Minimal Concrete Example
crc32(record_bytes) -> 0xA1B2C3D4
Common Misconceptions
  • “Disks never corrupt” -> bit flips and partial writes happen.
  • “Checksums are too slow” -> they are cheap compared to I/O.
Check-Your-Understanding Questions
  1. Why is checksum validation needed after crash recovery?
  2. What should your system do when corruption is detected?
  3. Why do you need length prefixes in WAL records?
Where You’ll Apply It

3. Project Specification

3.1 What You Will Build

A persistent key-value store that supports GET, PUT, and DELETE. It uses a WAL for durability, a memtable for fast writes, and immutable SSTables on disk.

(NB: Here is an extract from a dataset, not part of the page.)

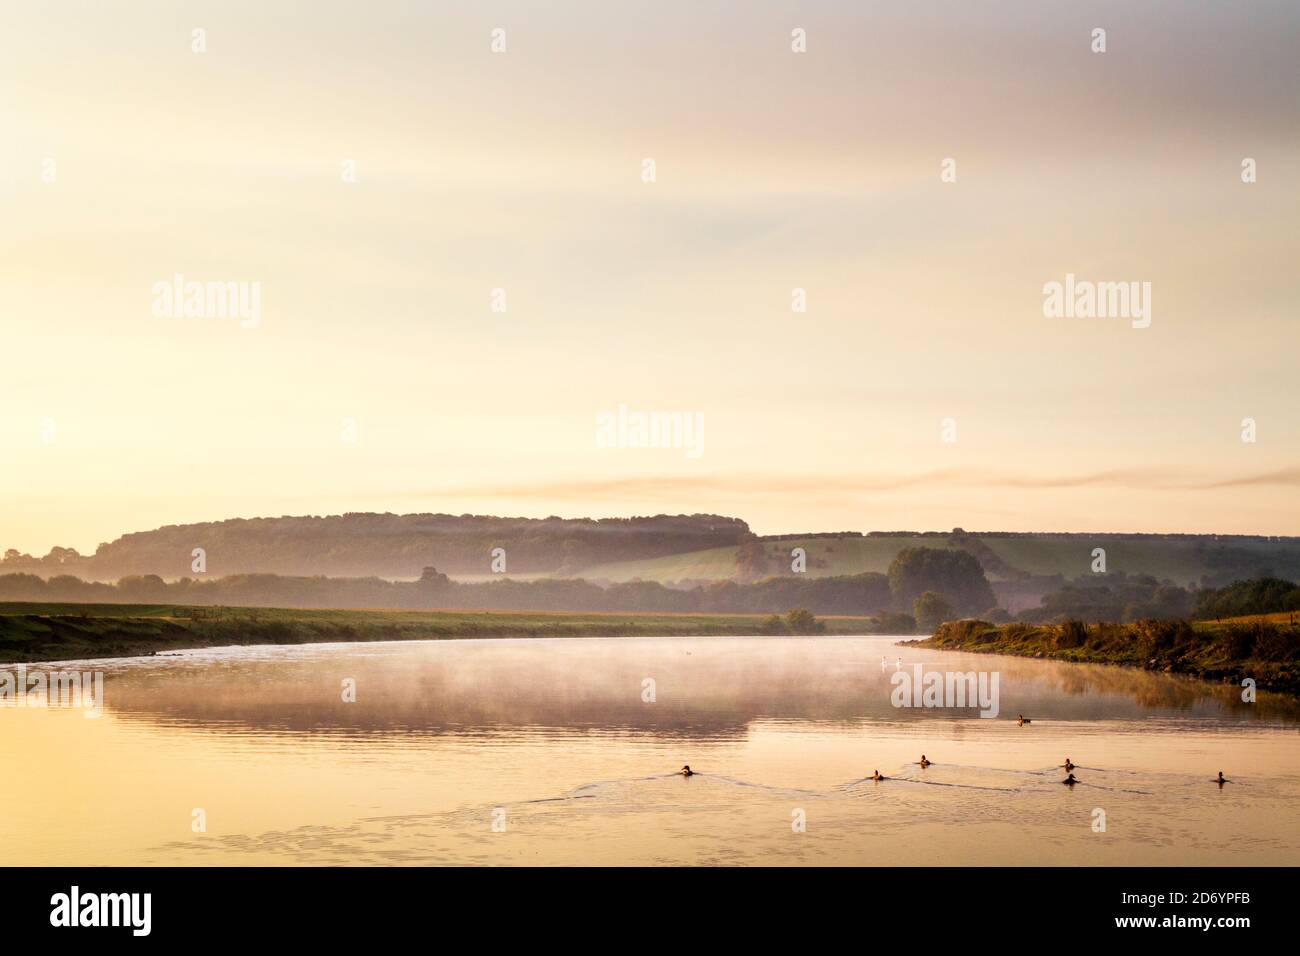 Scène de campagne anglaise en automne. Brume et oiseaux sur la rivière Trent juste après l'aube, Stoke Bardolph, Notinghamshire, Angleterre, Royaume-Uni Banque D'Images

It provides a CLI and optional TCP server.

3.2 Functional Requirements

  1. PUT key value inserts or overwrites.
  2. GET key retrieves latest value or NOT_FOUND.
  3. DELETE key writes tombstone.
  4. Durability: data survives process crash.
  5. Recovery: WAL replay rebuilds state.
  6. Compaction: merges SSTables and removes obsolete data.
  7. Metrics: stats on read/write/compaction.

3.3 Non-Functional Requirements

  • Performance: sequential writes, avoid random writes.
  • Reliability: detect corruption with checksums.
  • Usability: deterministic demo dataset.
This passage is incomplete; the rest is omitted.